The paper bag contained $35,000 when it changed hands that January day in 2022.

All we know is that the transaction was recorded by the FBI—a strong indication that it was criminal—and that the money was received by “an influential [Hawaiian] state lawmaker,” according to reporting on the case.

The timing of the handoff, just one day after the legislative session began, suggests the possibility of bribery in exchange for a favor—but that remains unconfirmed.

Among those present were lobbyist Tobi Solidum and former Hawaii State Rep. Ty Cullen, who had already been arrested after accepting bribes from a wastewater executive and was now acting as an FBI informant.

So who was the “influential state lawmaker” who took the bag?

Guilty governments, like guilty children, get creative at hiding the truth.

The obvious next step was a Freedom of Information Act (FOIA) request. Civil Beat, a local paper, filed one for emails between Cullen and Solidum, hoping to identify the “influential state lawmaker.”

But no emails were found.

The House Chief Clerk’s office said it did not have the requested records. Under what it described as standard procedure, the Hawaii House had wiped Cullen’s email account, deleting years of messages as soon as he left office.

That means the public may never know what conversations Cullen had with Solidum—and we’re left to speculate while the guilty parties remain at large.

Then there’s this: That same January in 2022, Solidum, Cullen and then-State Representative Sylvia Luke sat down to dinner. On that day, Luke accepted two $5,000 checks from Solidum—a fact she disclosed earlier this year.

If Luke accepted $10,000 from the same lobbyist tied to the $35,000 payoff, was she the “influential state lawmaker” who took the bag?

Civil Beat’s FOIA requests also asked for Luke’s email exchanges with Solidum from her time as a state representative. But those records were also wiped once she, too, left the House before heading to the lieutenant governor’s office.

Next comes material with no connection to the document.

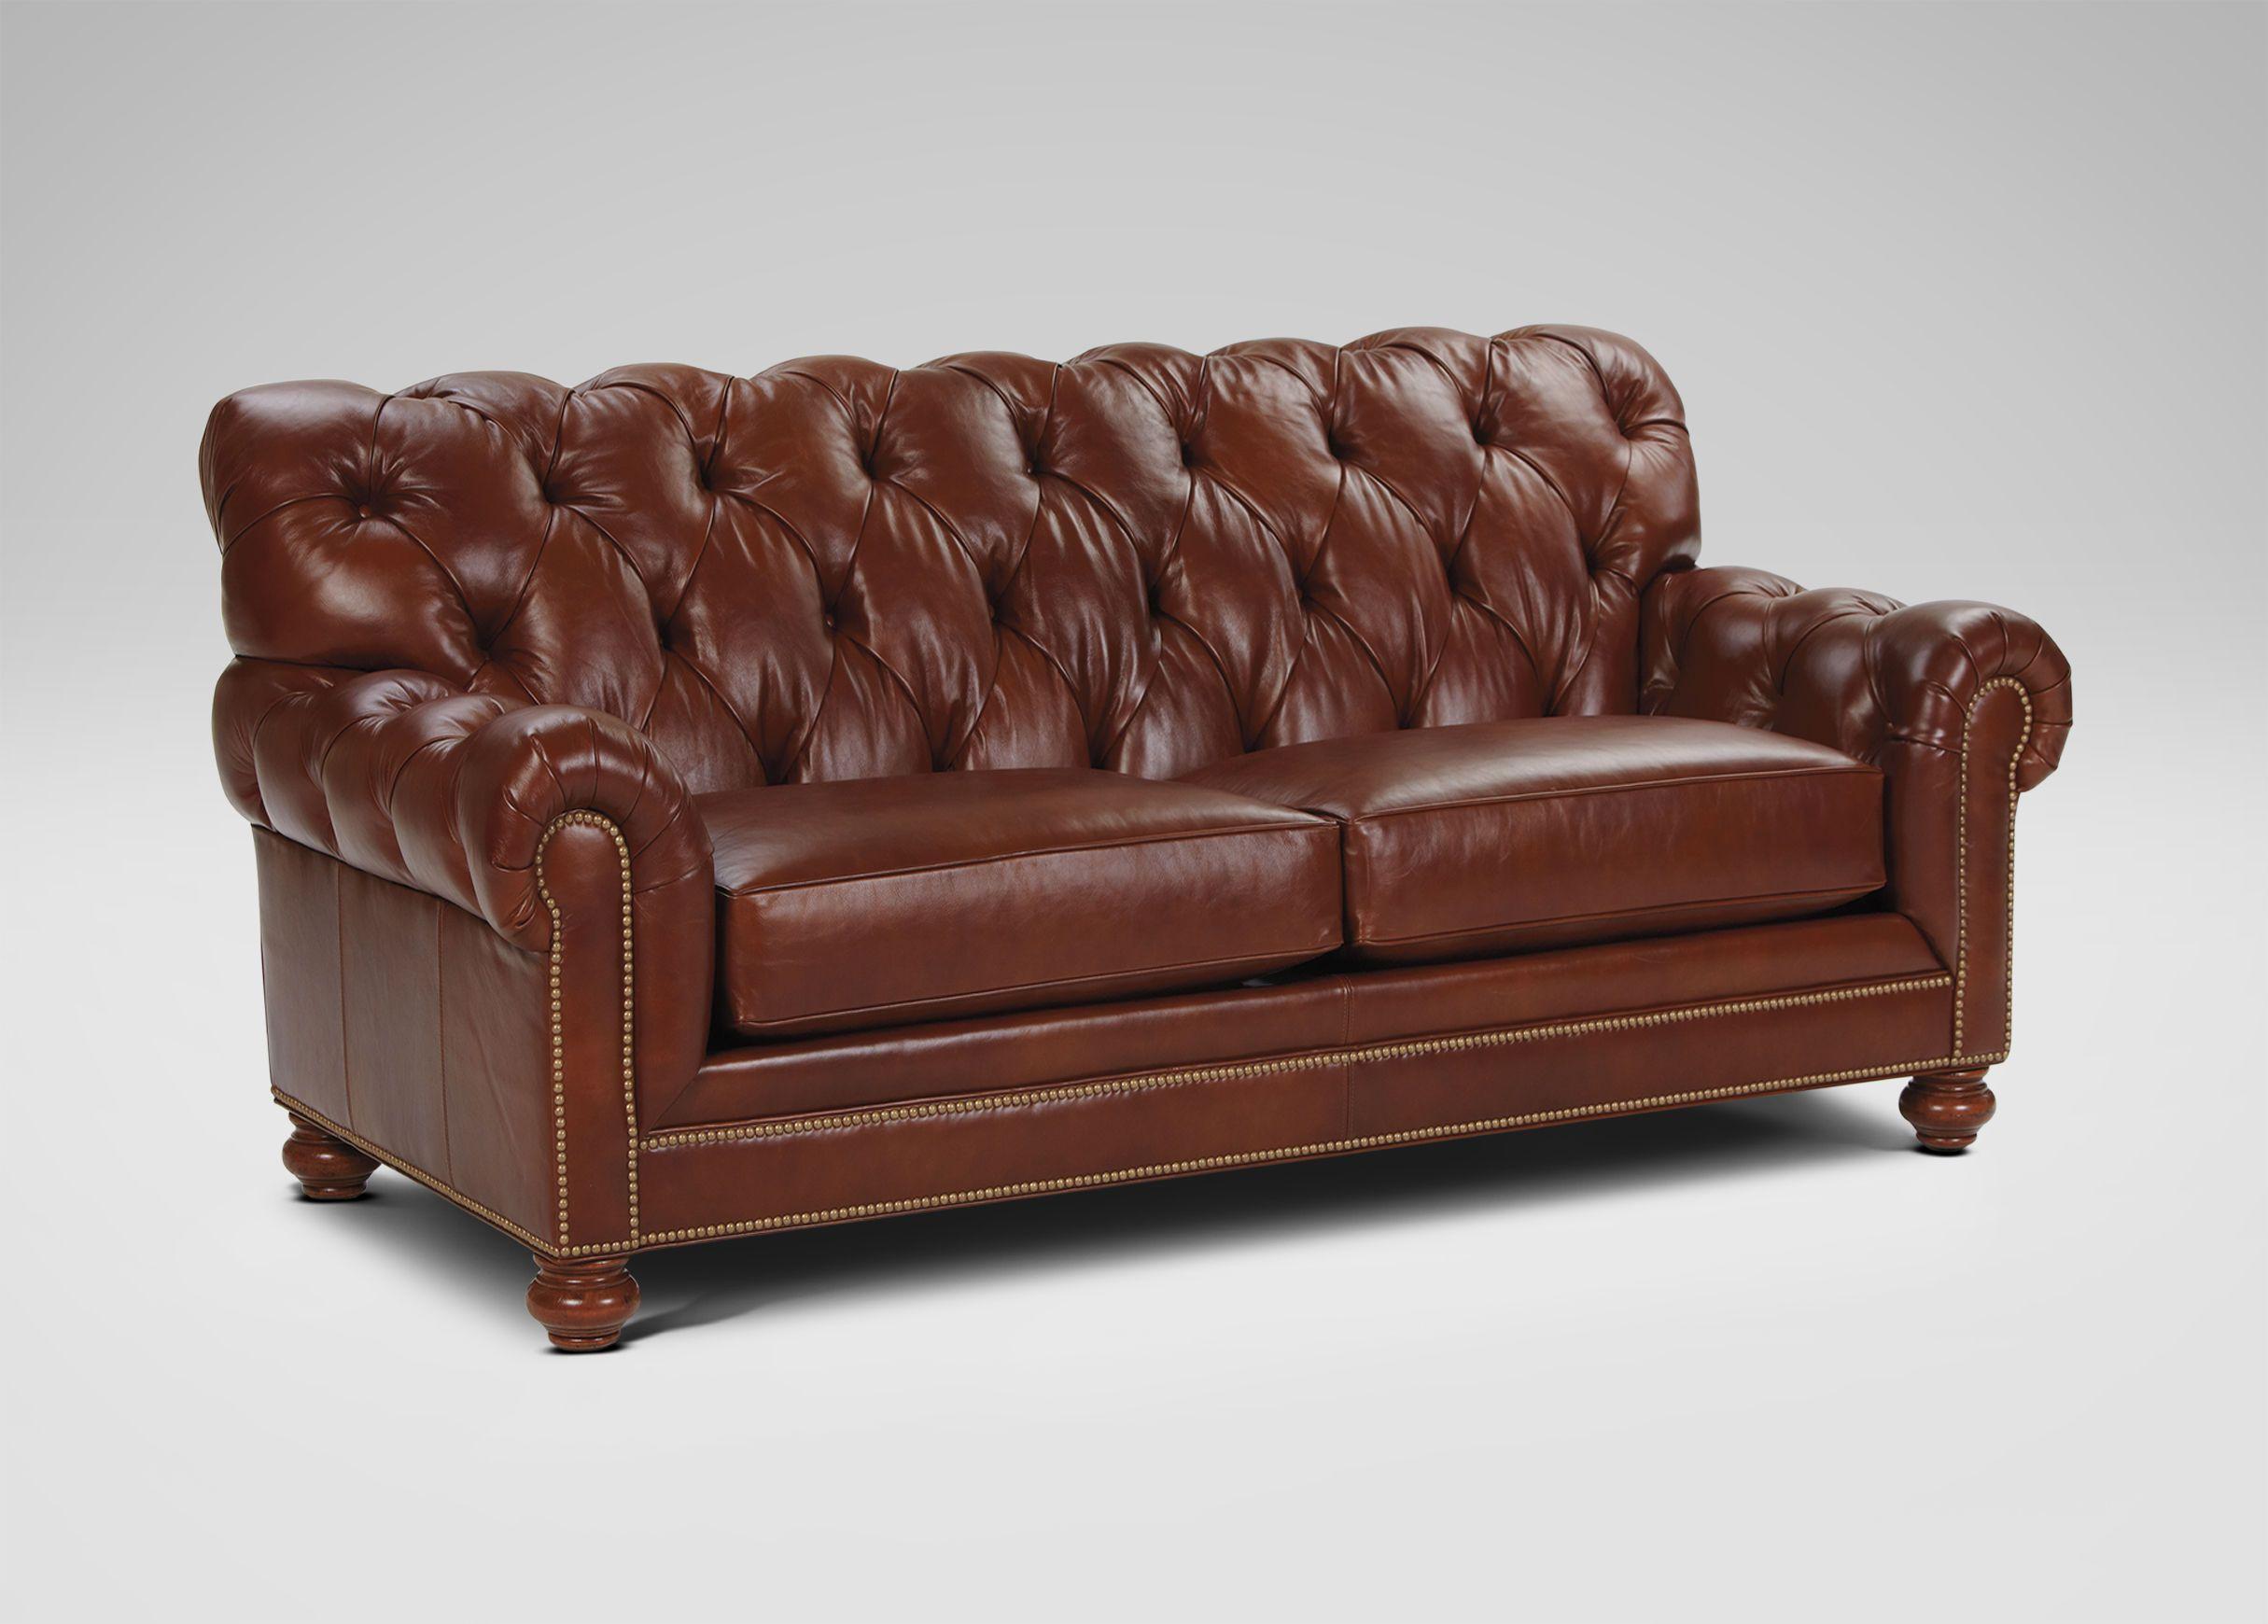 Chadwick Leather Sofa Old English Saddle

“It does not help anything in this situation not to have those emails,” said Camron Hurt, state director of Common Cause Hawaii, a government accountability organization. “It’s another roadblock to the transparency that people are craving.”

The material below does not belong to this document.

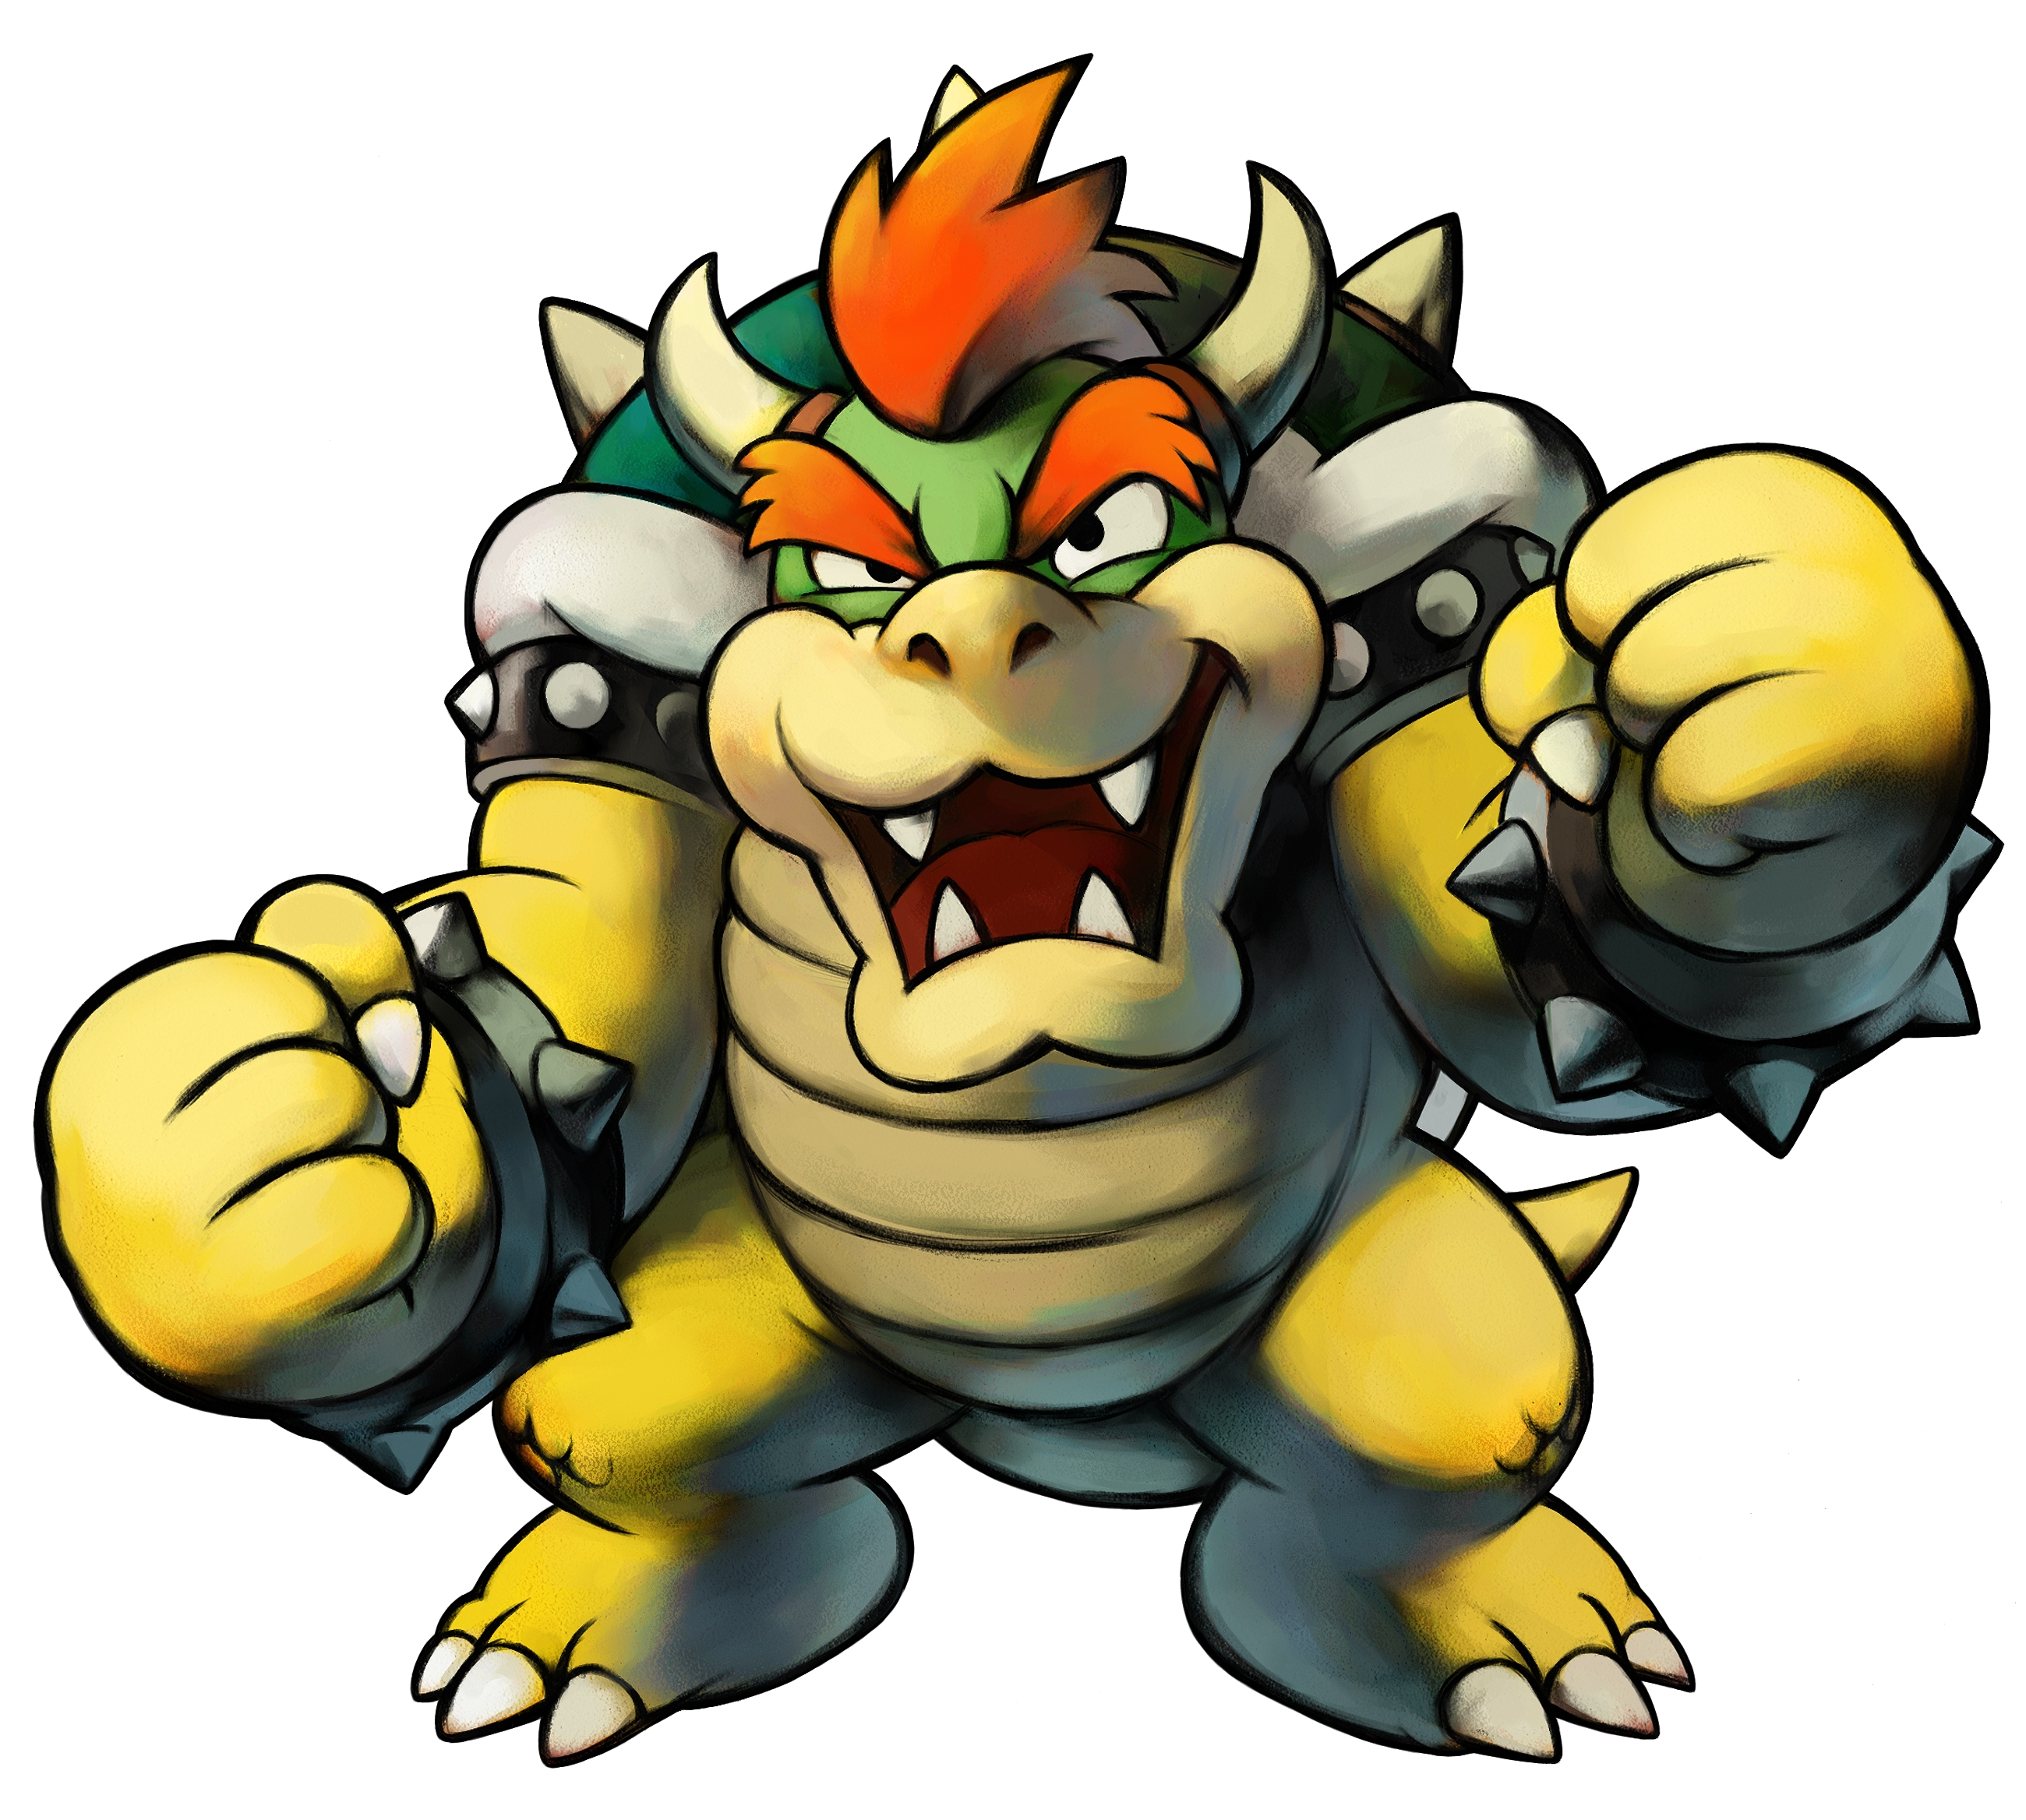 2600x2336 Tmk Downloads Images Mario Amp Luigi Superstar Saga (Gba)

Hawaii isn’t alone—it sits at one end of a broader spectrum.

In Michigan and Massachusetts, the state legislature and the governor are exempt from FOIA, effectively granting them carte blanche to obscure their conduct from public scrutiny. Michigan Speaker of the House Matt Hall made his position on government accountability clear last year when asked whether two bills expanding FOIA would be taken up. “We’re just not going to do FOIA,” he said.

But restricting FOIA’s scope is only one part of the problem. Even when records are technically accessible, the cost can put them out of reach.

A Maryland nonprofit requesting records of police misconduct was told it would cost them $245,000. An advocacy group seeking sheriff’s records on predictive policing was told it would cost them $1.2 million. And a Michigan parent requesting transparency on school social media monitoring was quoted a fee of $18 million.

Guilty governments, like guilty children, get creative at hiding the truth.

With no alternative, Civil Beat asked every person who occupied a seat in the Hawaii House or Senate at the time of the bag transaction whether they had taken the $35,000. All respondents, including Lt. Governor Luke, denied it.

Even Governor Josh Green said he doesn’t know who took the $35,000 and urged whoever did to “humble themselves” and come clean.

“Whoever did that should own it and then really face the consequences,” Green said. “It’s tough because if you have one bad apple, it really kind of messes everybody else up. I’m kind of upset and sad that that ever occurred.”

So are we, Governor.

Scientology Founder L. Ron Hubbard wrote: “Democracy depends exclusively on the informedness of the individual citizen.”

Without informed citizens, our nation is left holding the bag.